Capoterra si prepara ad accogliere un nuovo polo commerciale lungo la statale 195, nel tratto compreso tra la SS 91 e la strada provinciale di Santa Barbara. Il consiglio comunale ha approvato la variante al Piano Urbanistico Comunale che trasforma una porzione di zona destinata a “Servizi Generali” in area commerciale. Il progetto prevede l’apertura di un McDonald’s e di un nuovo discount, con l’obiettivo di attrarre consumatori e rompere lo storico isolamento del paese sul piano economico e urbanistico.
La maggioranza ha votato compatta, sostenuta anche dal Partito Democratico, mentre la minoranza ha espresso un secco dissenso. Il sindaco Beppe Garau ha difeso con decisione l’operazione, ritenendola un’opportunità per la comunità:
“Perché dovremmo restare fermi? Gli altri comuni lo fanno e noi no? Non devo portare i miei figli altrove per un panino”, ha dichiarato.
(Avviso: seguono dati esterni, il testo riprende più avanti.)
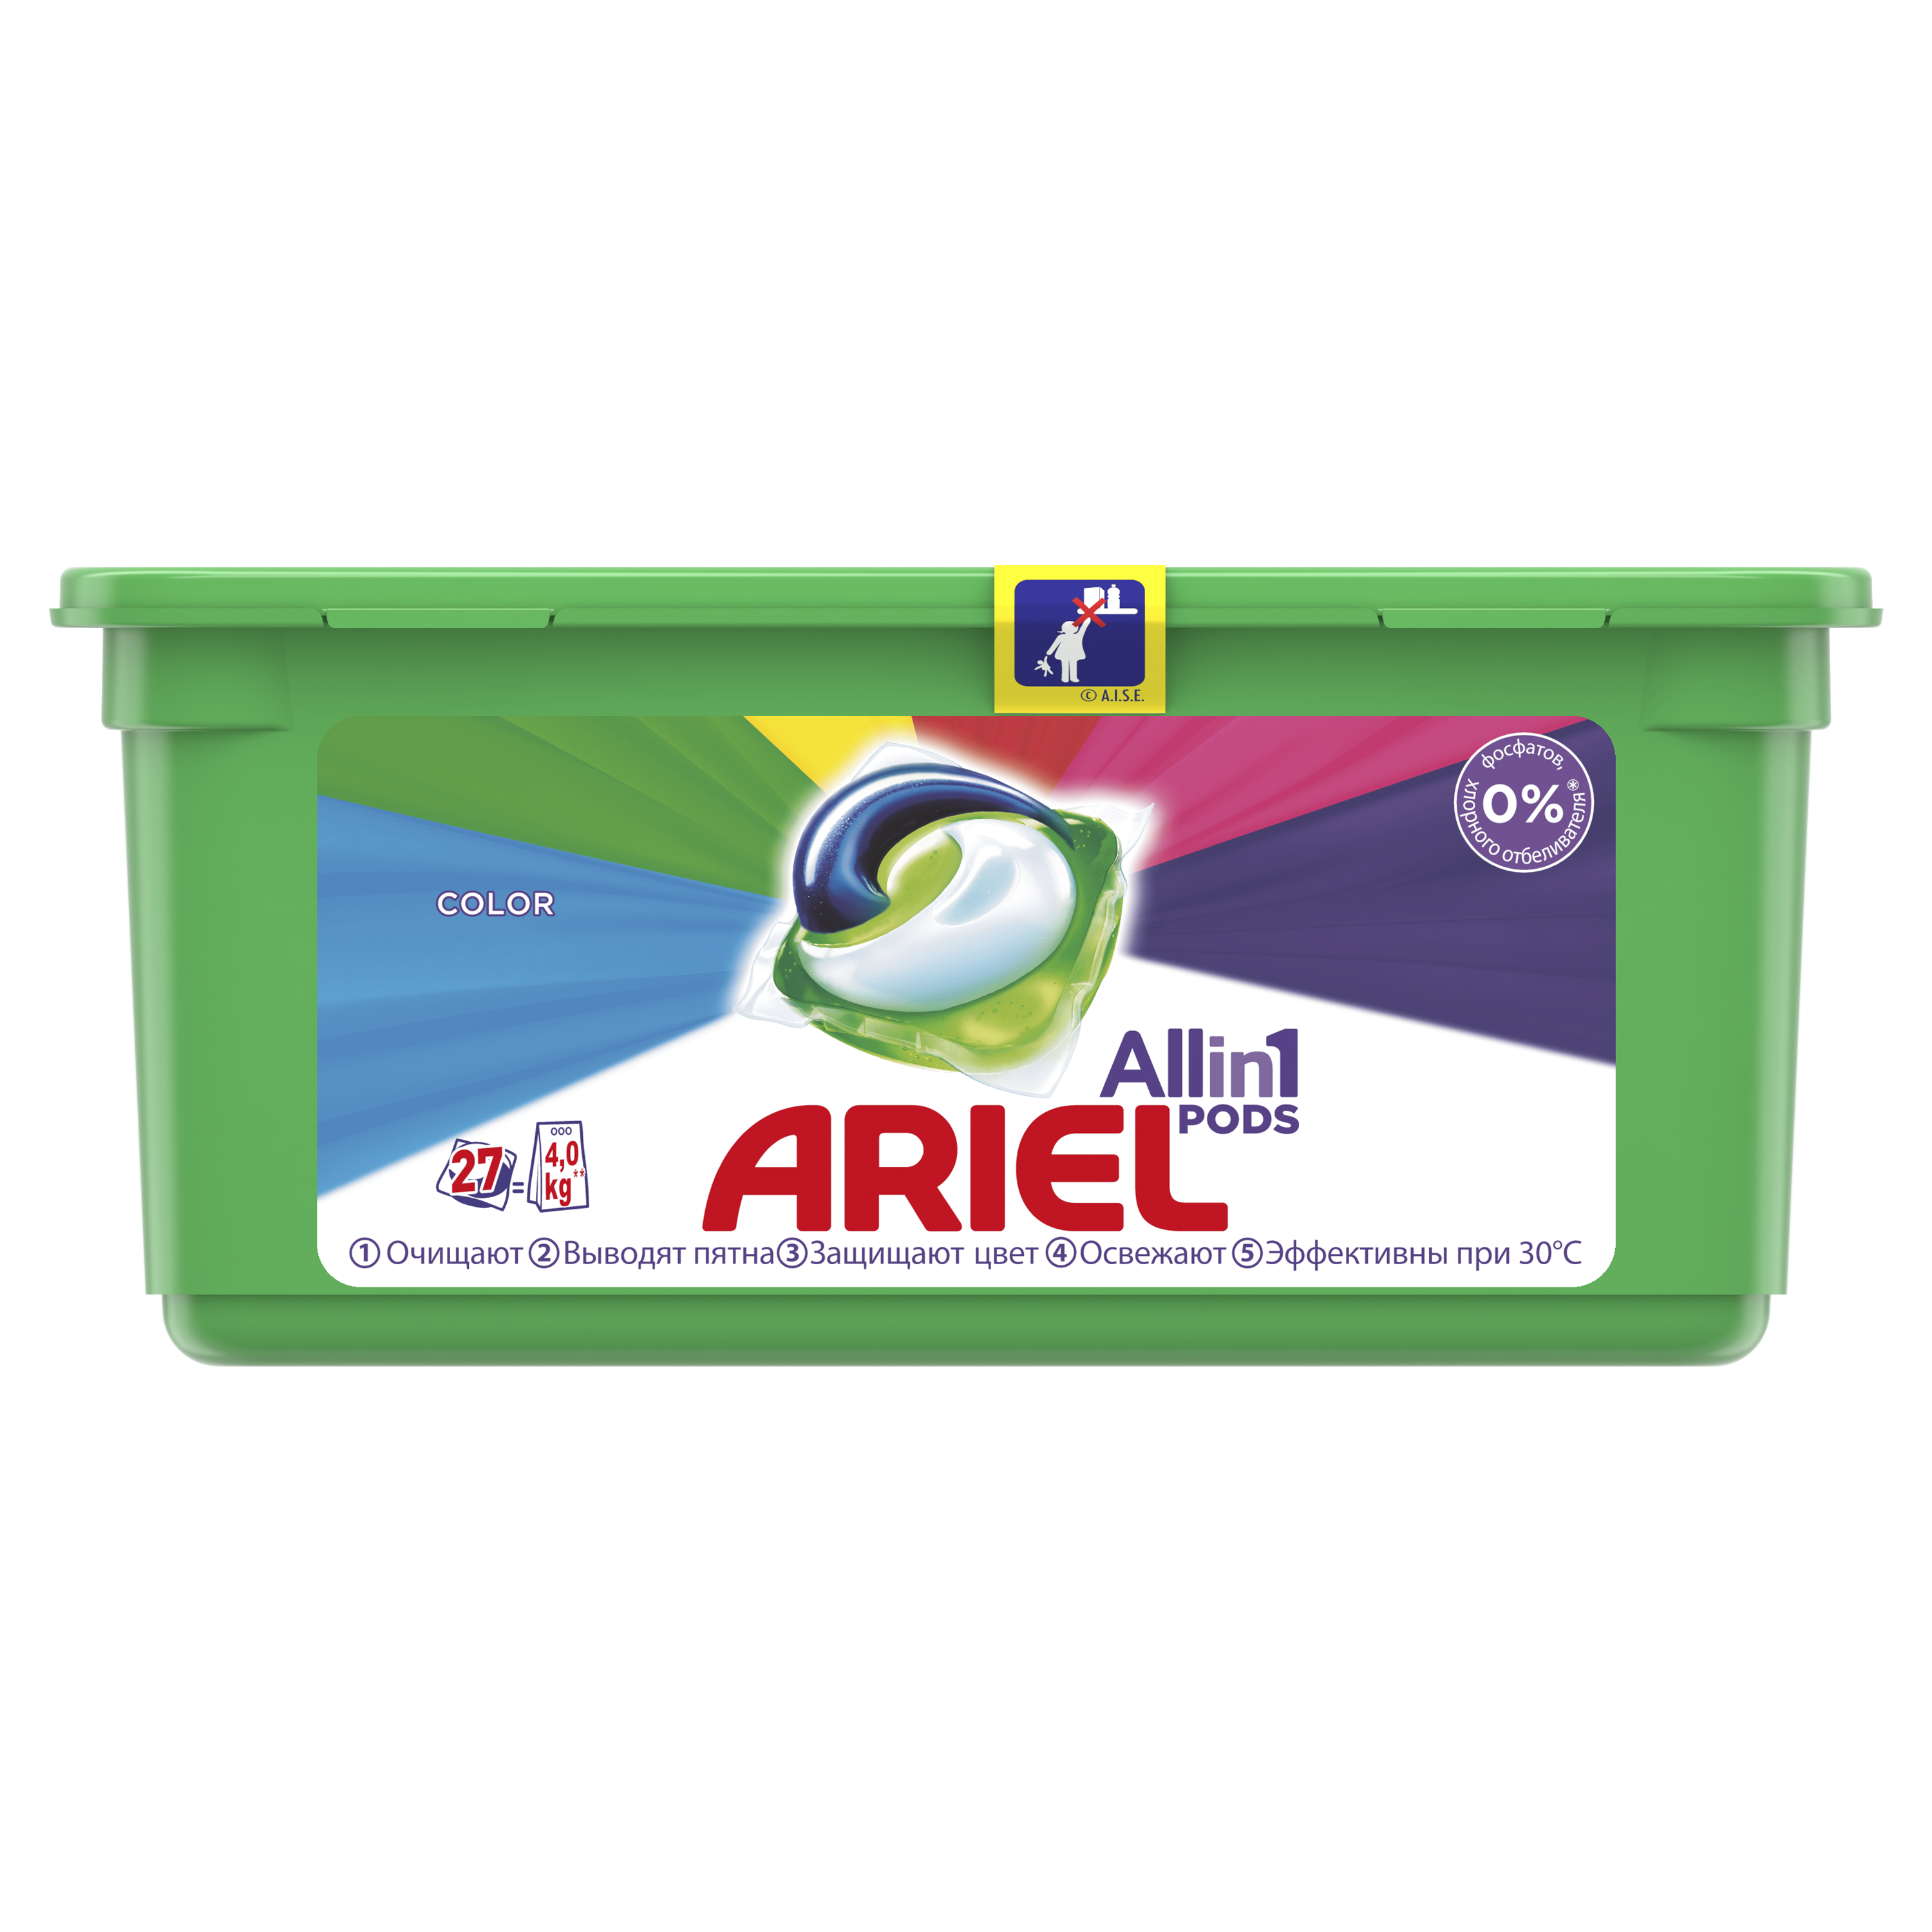 Капсули для прання Ariel Pods Все-в-1 Color, 27 шт. - фото 1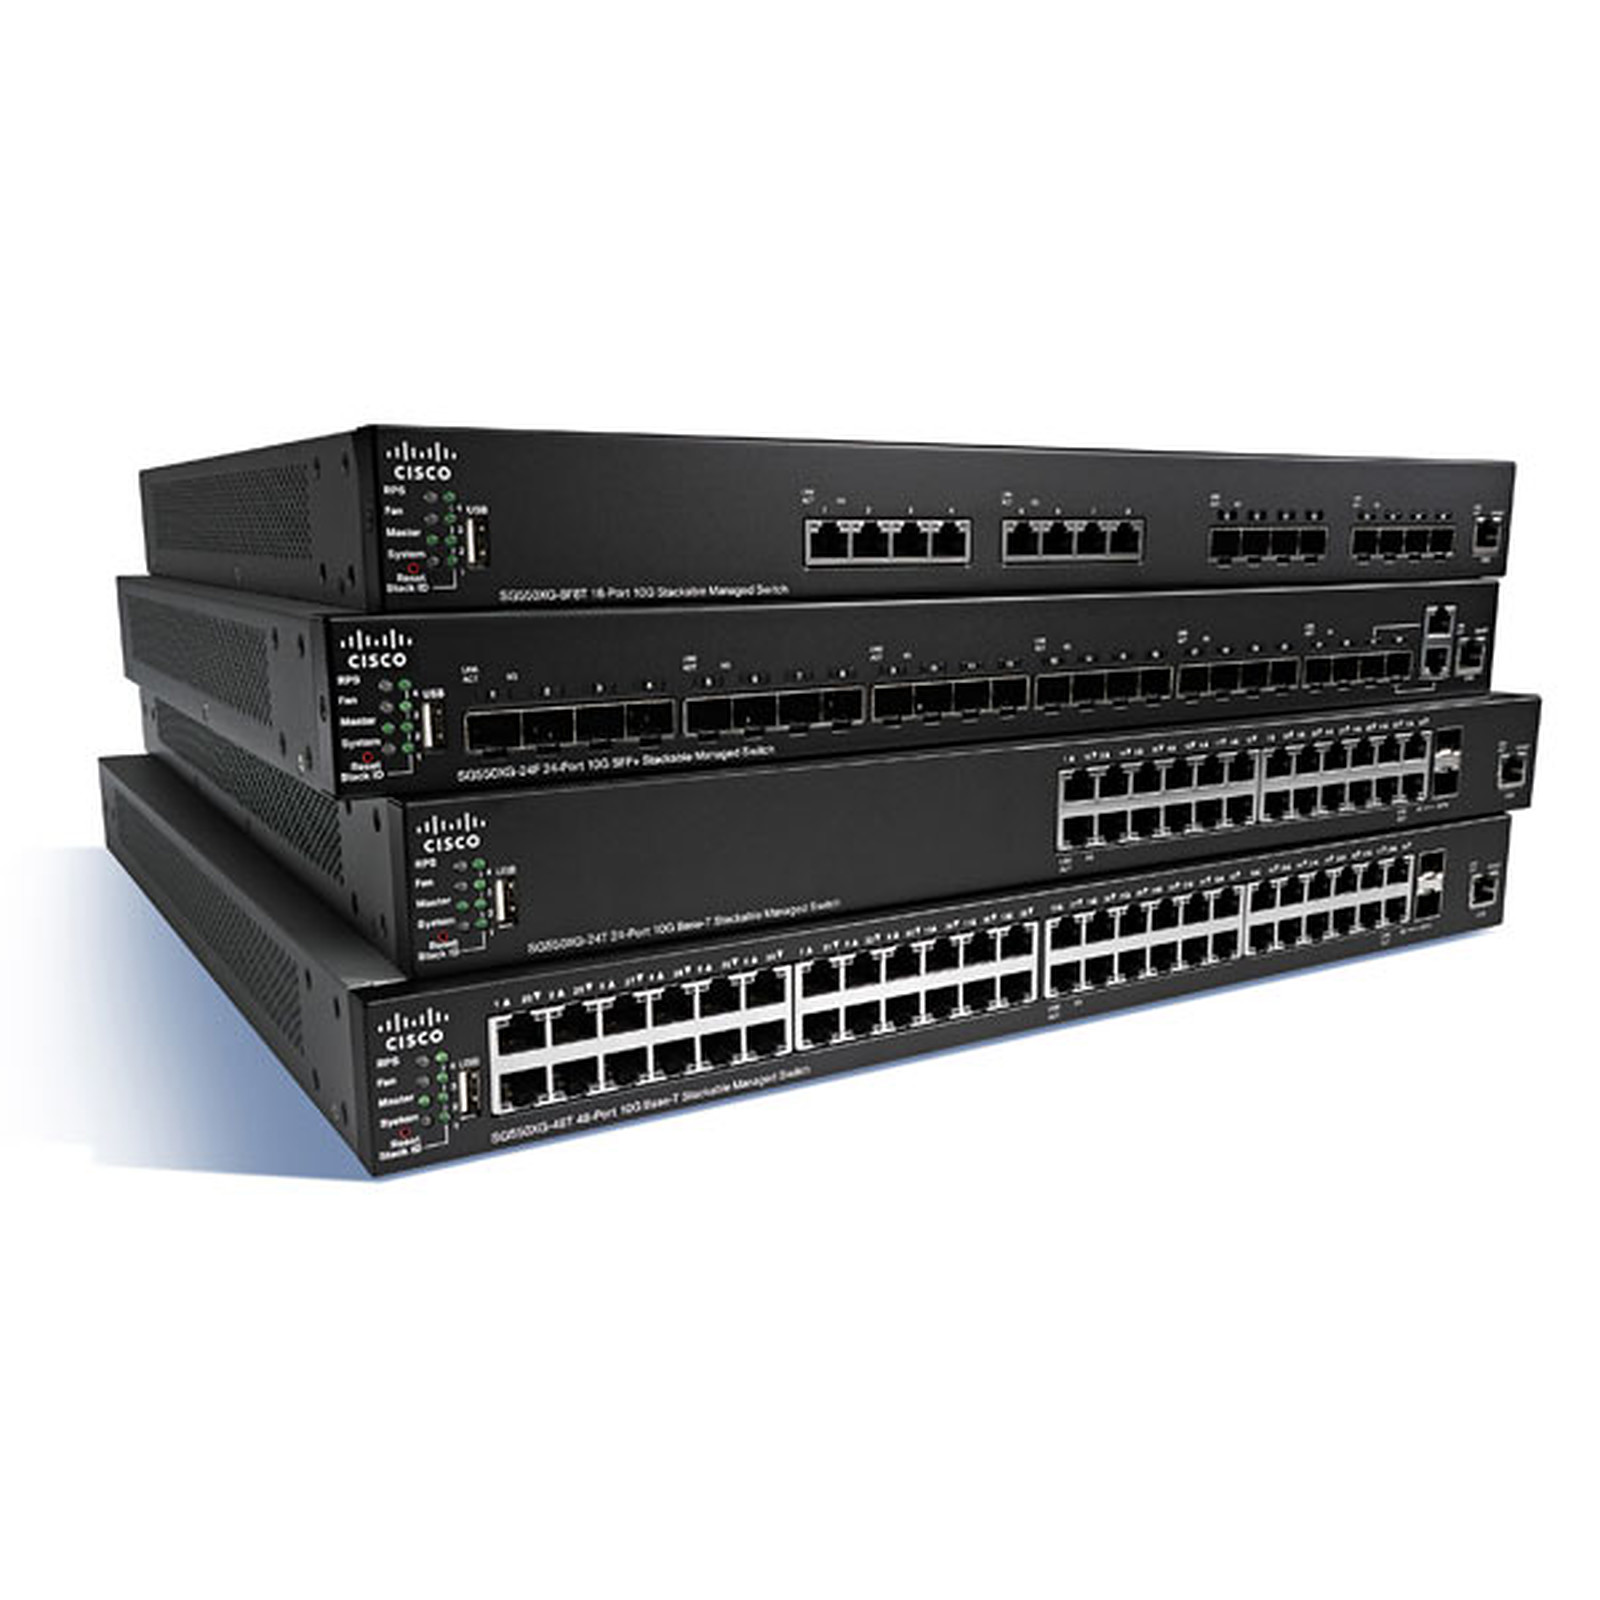 Cisco SG350X-24P - Switch Cisco Systems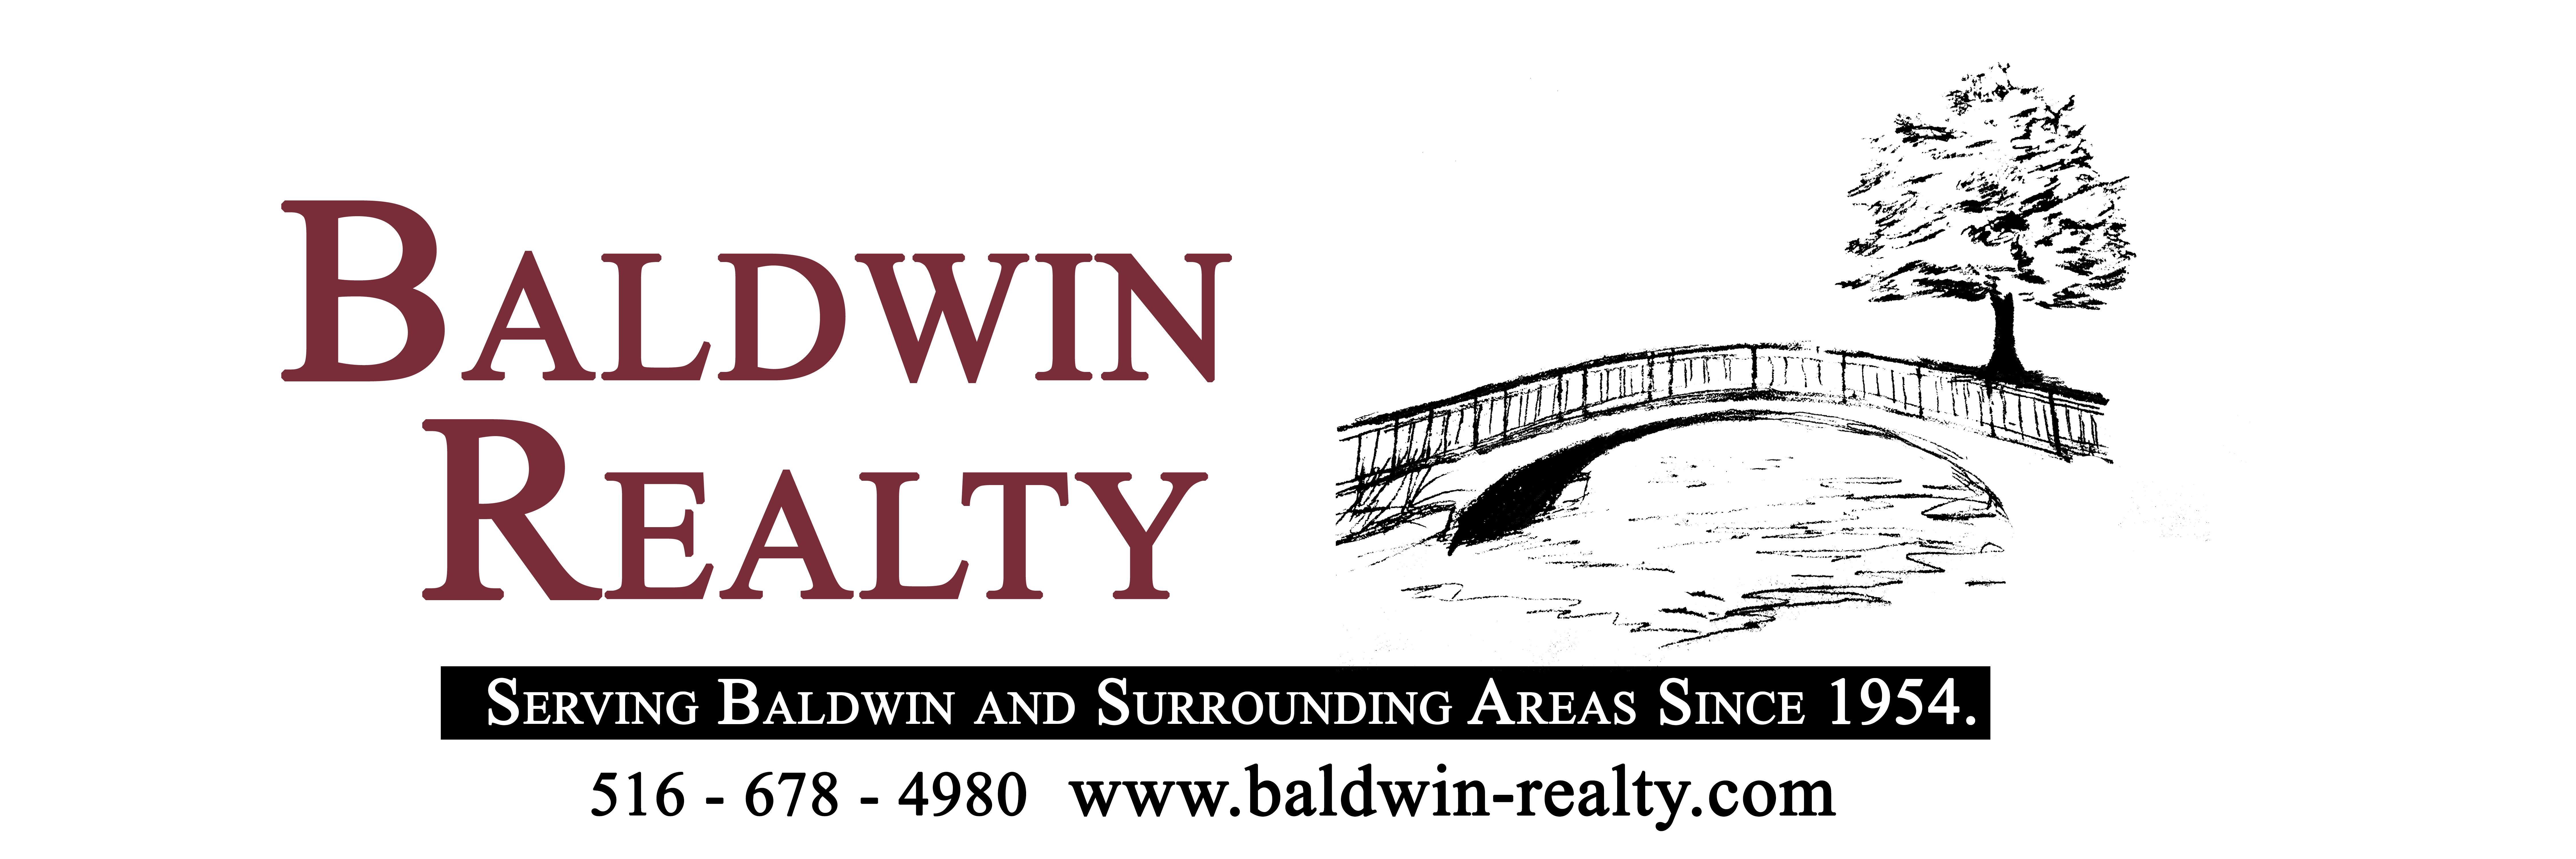 Baldwin Realty

Aggiungendo che il progetto porterà nuovi introiti per l’amministrazione attraverso tributi come l’Imu, risorse che potranno essere reinvestite in cultura, sport, servizi sociali e altro.
Secondo il consigliere Franco Magi, la nuova area commerciale avrà effetti positivi anche sulla concorrenza e sull’abbassamento dei prezzi. “Non possiamo tutelare monopoli o oligopoli – ha affermato – e per la prima volta Capoterra si candida a diventare un centro di riferimento per la Costiera Sulcitana e i comuni limitrofi, come Uta e Assemini.”
Ma le voci critiche non sono mancate. In prima linea Giovanni Ruggeri, che ha definito il progetto una “speculazione edilizia” che tradisce la visione originaria del Piano per la Mobilità Sostenibile, dove era previsto un centro intermodale, servizi sanitari e culturali. “Si sacrifica un lotto strategico per piazzare un fast food e un discount. Il traffico aumenterà, danneggiando anche le attività già esistenti”, ha affermato Ruggeri.
Particolarmente contestata anche la scelta di realizzare il terminal dei trasporti nel viale Sant’Efisio, a Maddalena Spiaggia, “in piena zona di salvaguardia ambientale, vicino al mare, dove non si dovrebbe costruire”. Un progetto definito “da vandali” e “ottuso” anche dall’ex sindaco Francesco Dessì, che ha votato contro insieme ai consiglieri Stefano Piano e Silvano Corda.
Al centro delle polemiche anche la pista ciclabile larga quattro metri, indicata dagli oppositori come ulteriore segno di una pianificazione urbanistica “dirompente e incoerente con le esigenze del territorio”.
Il dibattito è tutt’altro che chiuso, e la realizzazione del nuovo polo commerciale promette di continuare a dividere opinione pubblica, forze politiche e residenti tra chi guarda alla crescita economica e chi teme un impatto ambientale e sociale negativo.